第28話冒険者として

「はい、結構です。相変わらず、ヴェルド様には恐れ入ります。さすがです。感動です。もう、この国にいる魔獣もほぼ狩られたんじゃないですか?」

笑顔の受付嬢。この顔に癒されると評判の看板娘。

冒険者の間でも人気の娘がやたら私を褒めてきた。

半年前は緊張して声も出なかった人が、今ではこんな軽口をたたいてくるようになった。私もずいぶん冒険者になじんだものだと、少し感動を覚えていた。


「うーん、実際まだ奥には行けてないんだよね。往復で最大六日しかないから、その範囲内でしか活動できないからさ」

週末には帰ってこないといけないから、最大片道三日までが活動限界だった。

走ればもう少し伸ばせるだろうけど、せいぜい一日の距離を伸ばせるくらいだ。安全とは言えない森の中。疲労が重なって、思わずおくれを取ったのでは意味がない。

でも……。

たしかに、最初はその範囲でも問題なかったけど、今では少し物足りなくなってきているのも事実だ。戻ってくるのを、二週間に一回に出来ないだろうか……。


「そうですよね! 愛の決闘でしたよね! 愛を叫んで自分を求める。実力が上の自分を乗り越えるために修行して、命がけで戦いを挑んでくる。ああ、私もそんな風に命がけで愛されたいですぅ」

目の前でうっとりされても困る。しかもそれ、かなりの部分間違ってるだろ?


「いや、そんなじゃないからね。あれ、本気で死ぬ寸前まで行くからね。先週なんか、腕がちぎれそうになったんだから。いつ、首が飛ぶかわからないんだよ?」

最近は待ってるのが退屈だからと、二人同時に攻撃するようになってきていた。

私が強くなっているのではなく、本当につまらないからそうしているだけだろう。


前衛のマリウスと後衛のミスト。

普段仲が悪い癖に、こういう時だけは見事な連携を見せてくる。

ことさらに、実力の違いを見せつけられた。

しかも、マリウスはまだまだ早くできるとか言ってたし、ミストも上位精霊は三体出せるとか言ってた。

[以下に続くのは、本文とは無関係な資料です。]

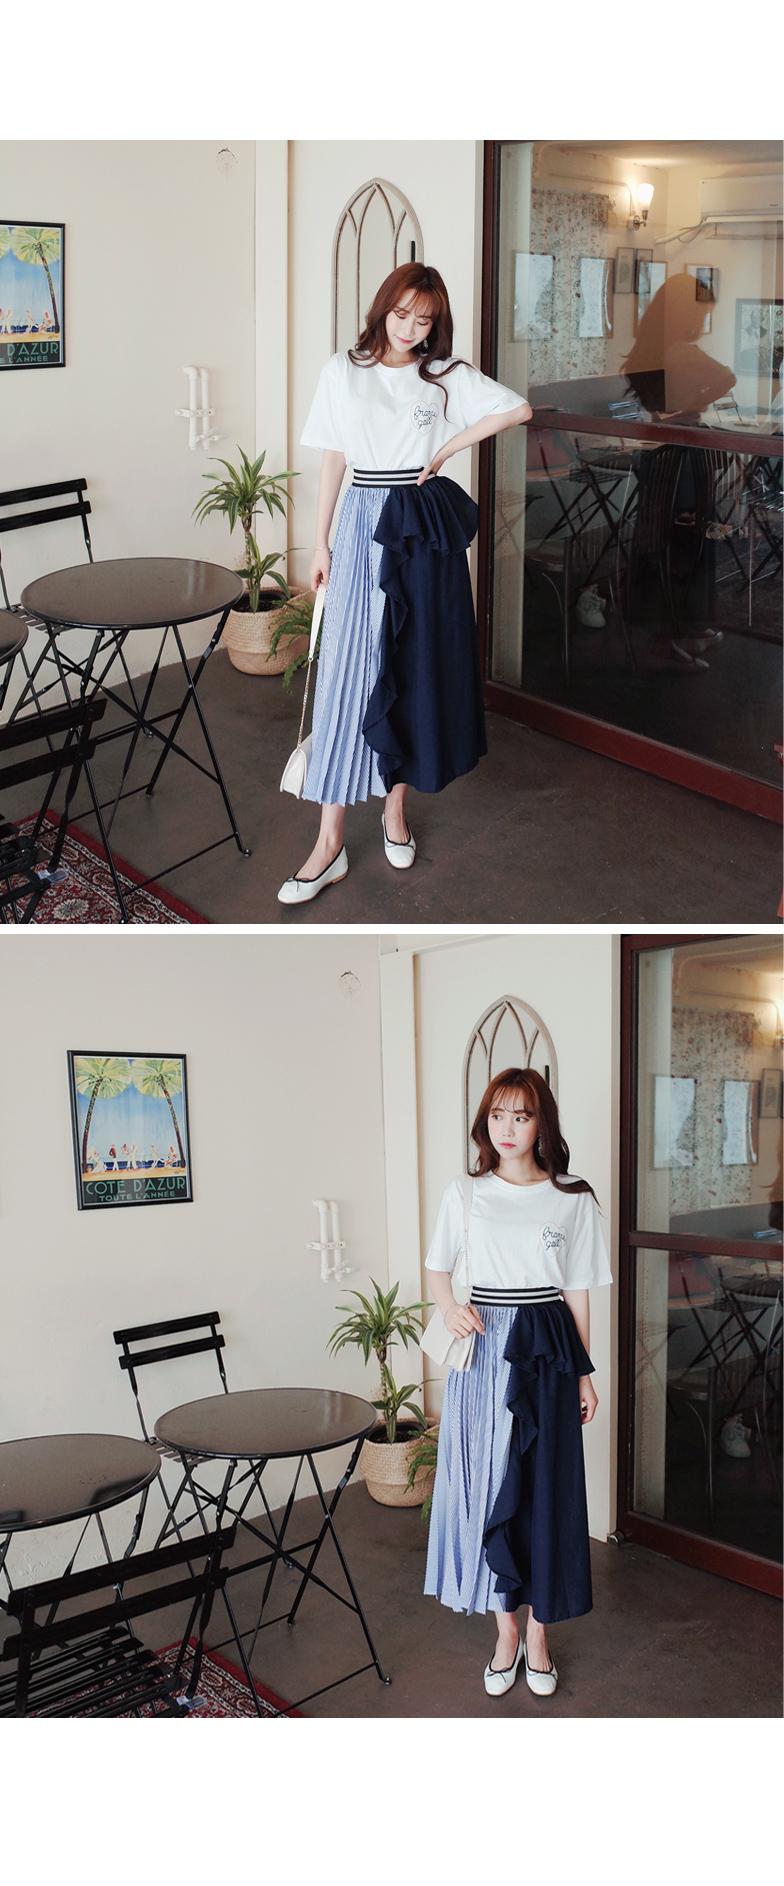 Unique ruffle skirt

その証拠に、連携した二人は、余裕で私に致命傷を与えてくる。ていうか、最近は全部致命傷だった。一瞬の油断もできない。



「ああ、そんな困難な目にあっても、二人のことを愛してやまないなんて、すごすぎます。愛の剣士ソードマン、ヴェルド様。私だったら、もう即O.Kしちゃいますよ! ヴェルド様は他の勇者様と違って優しいですし」

なんだか、その気になっているのが申し訳なかった。ていうか、二人同時に愛してもいいんだ、この世界……。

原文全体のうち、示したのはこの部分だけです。